External Key Embeddings for Item Attention.Generally, the query-aware attention projects historical items and content providers onto the latent query embedding space so that the embedding similarity can be treated as the importance scores. However, the query embedding space can be inappropriate to represent items and content providers. Moreover, the embedding spaces of different entities can be different. Although some studies [2, 3] apply non-linear transformations to cast embeddings into the same space for estimating attention weights, it can be better to independently model representations and estimate attention weights.

In this work, we propose to use additional external key embeddings for estimating item attention weights. For each item v ∈ V, instead of utilizing the item embedding v, we independently learn an external key embedding k_v in the query embedding space to compute the attention weight as follows:

\[ \alpha _k(v, q) = \frac{\exp \left(\boldsymbol {q}^T \boldsymbol {\boldsymbol {k_v}} / \sqrt {d}\right)}{\sum _{v^\prime \in H^V(u)} \exp \left({\boldsymbol {q}}^T \boldsymbol {k_{v^\prime }} / \sqrt {d}\right)}. \]

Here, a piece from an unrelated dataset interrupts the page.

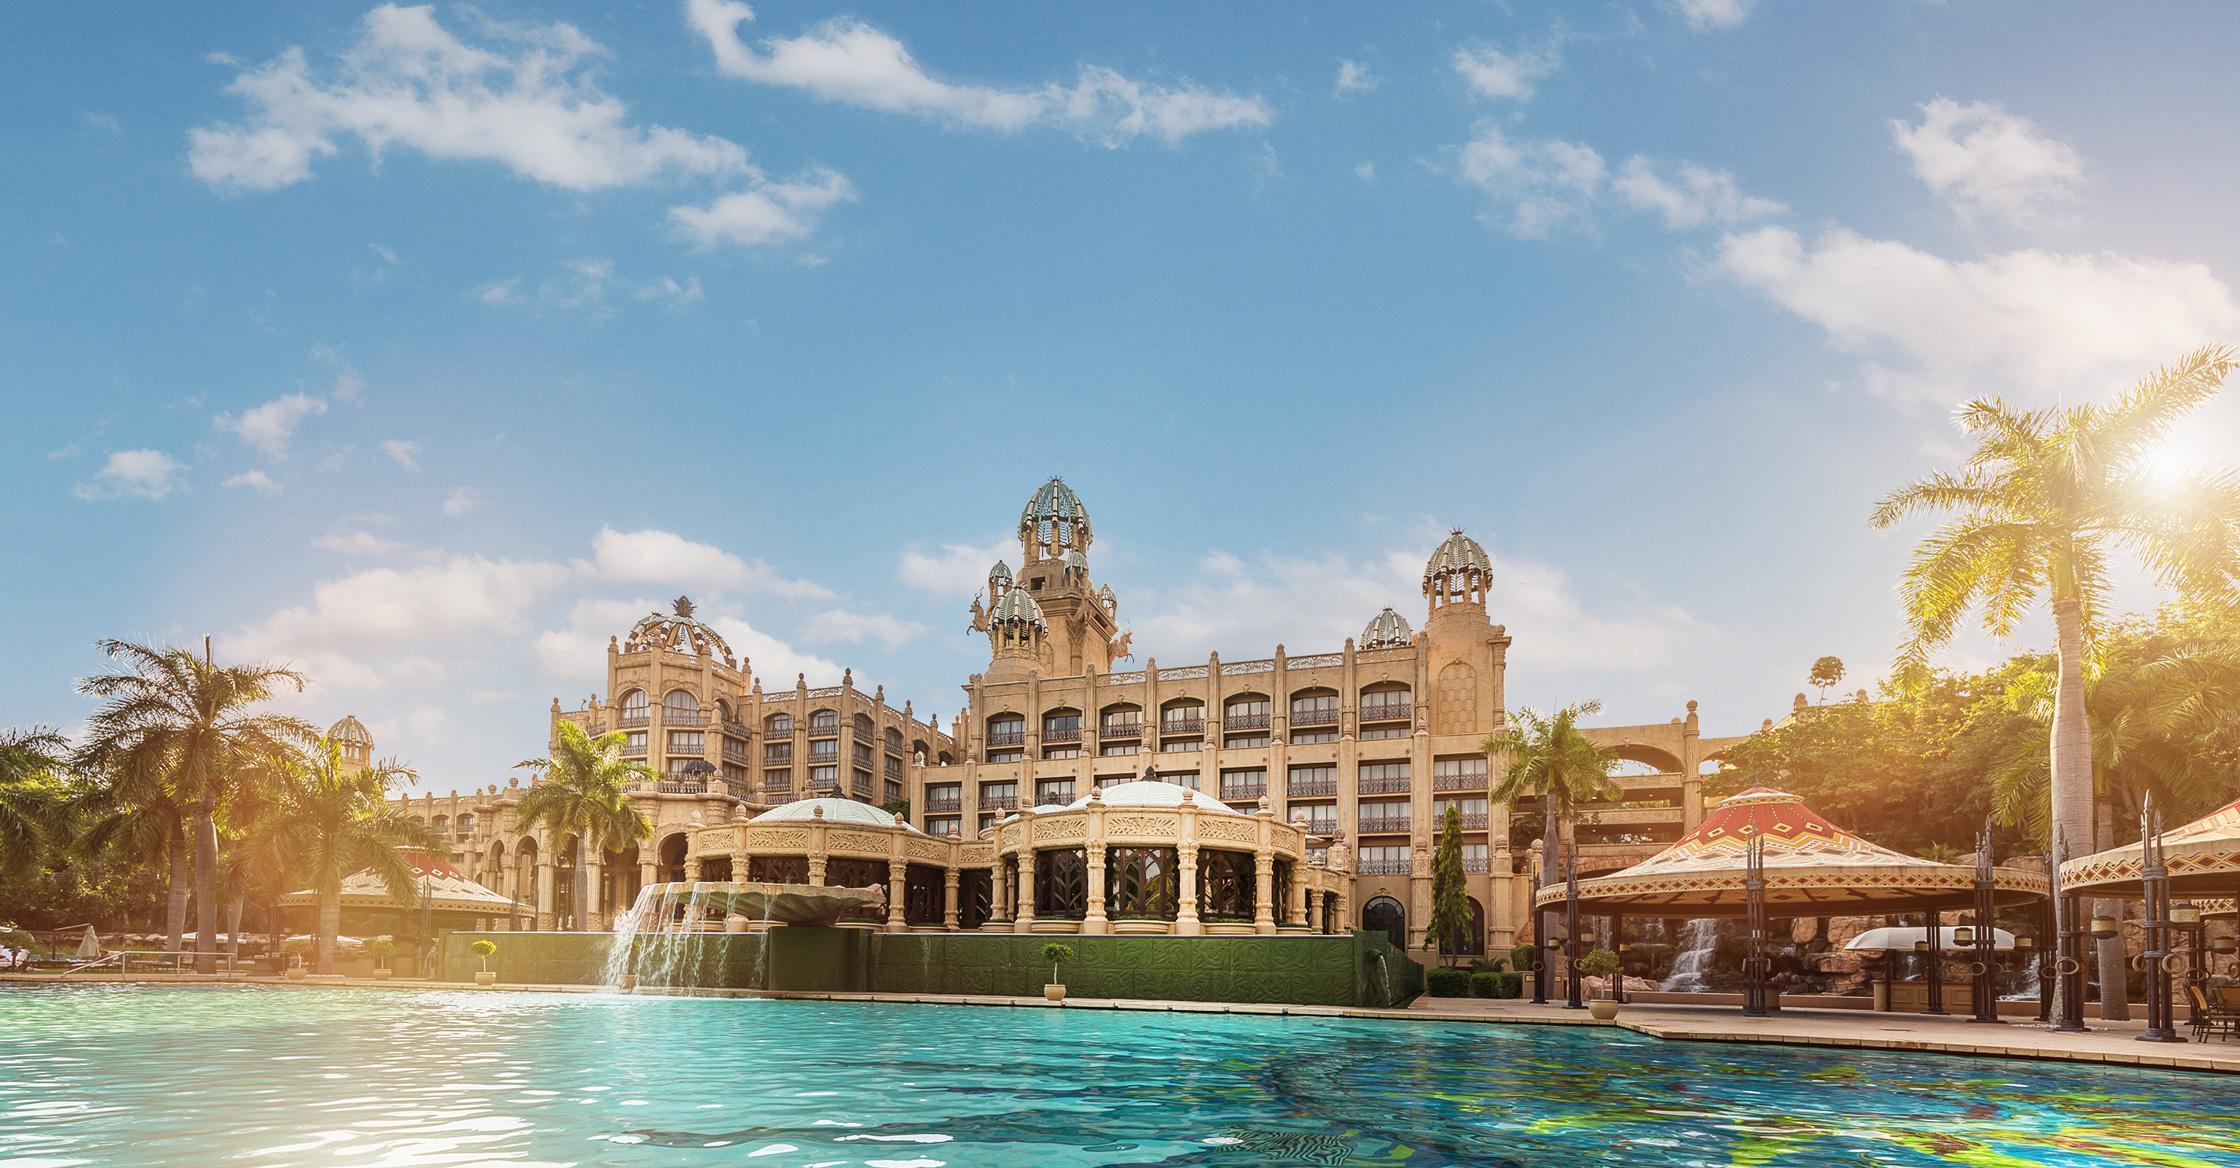 هتل The Palace of the Lost City
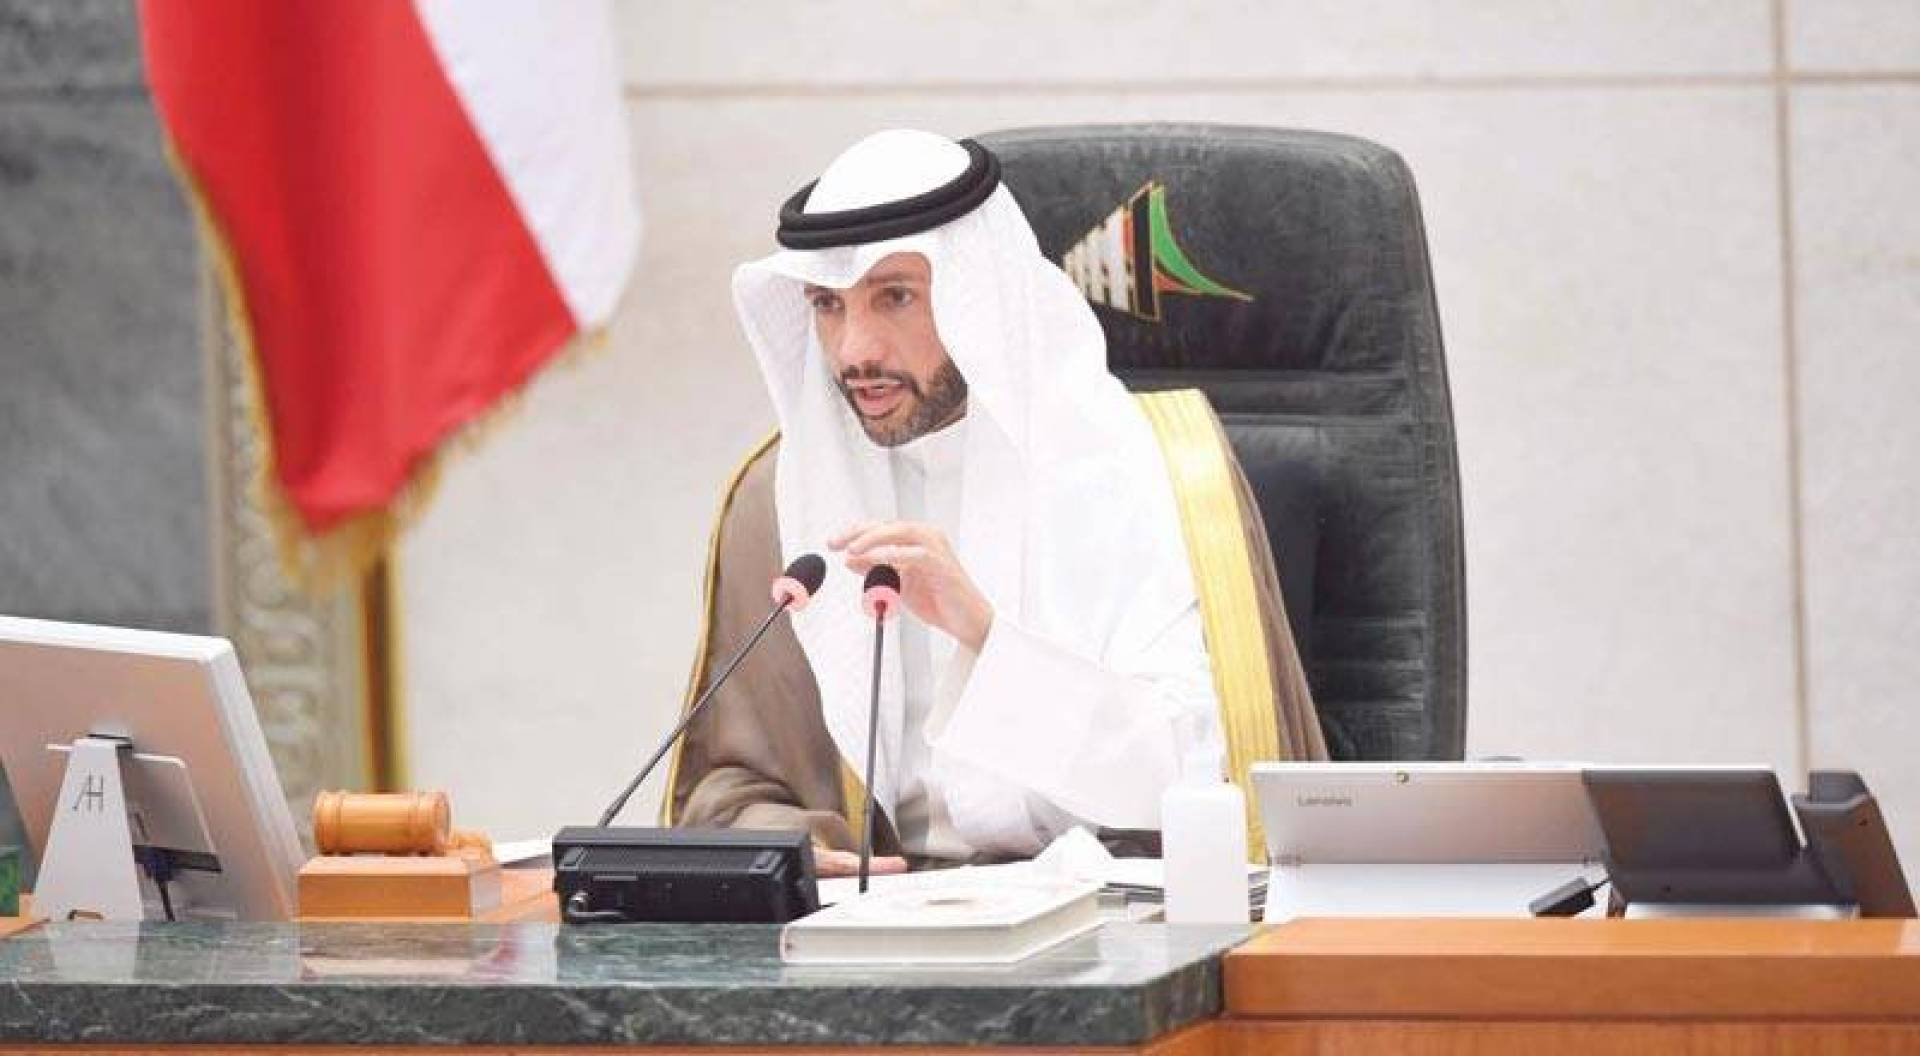 الرئيس الغانم مترئساً الجلسة  (تصوير: حسني هلال)

Therefore, the historical item representation h_V can be re-written as $\boldsymbol {h_V} = \sum _{v\in H^V(u)} \alpha _k(v, q) \cdot \boldsymbol {v}.$ Note that we do not learn external key embeddings for content providers because they do not lead to improvements as discussed in Section 3.

Finally, to capture the knowledge of both query and user history and model their interactions, the ultimate features h for deriving search results can be computed with a fully-connected layer h = ReLU(W_hh₀ + b_h), where h₀ = [q; h_V; h_C] concatenates the query embedding and the representations of items and content providers in user history; W_h and b_h represent the layer weights and biases for d_h hidden units; ReLU(·) is the rectified linear unit as the activation function.

2.4 Classification as Ranking

To derive the ranking results, we follow the previous industrial approach [8] to pose the ranking problem as a task of extreme multi-class classification with the ultimate features h. More precisely, given a query q and a user u, we aim to calculate a probabilistic score P(v∣q, u) for each candidate item v ∈ V as the estimated relevance to the query.

Given the ultimate features h, we can derive the logits for multi-class classification with a fully-connected layer as x = W_sh, where W_s represents the weights for obtaining logits. Finally, the relevance scores P(v∣q, u) can be computed with a softmax function as:

\[ P(v\mid q, u) = \frac{\exp (x_v)}{\sum _{v^\prime } \exp (x_{v^\prime })}, \]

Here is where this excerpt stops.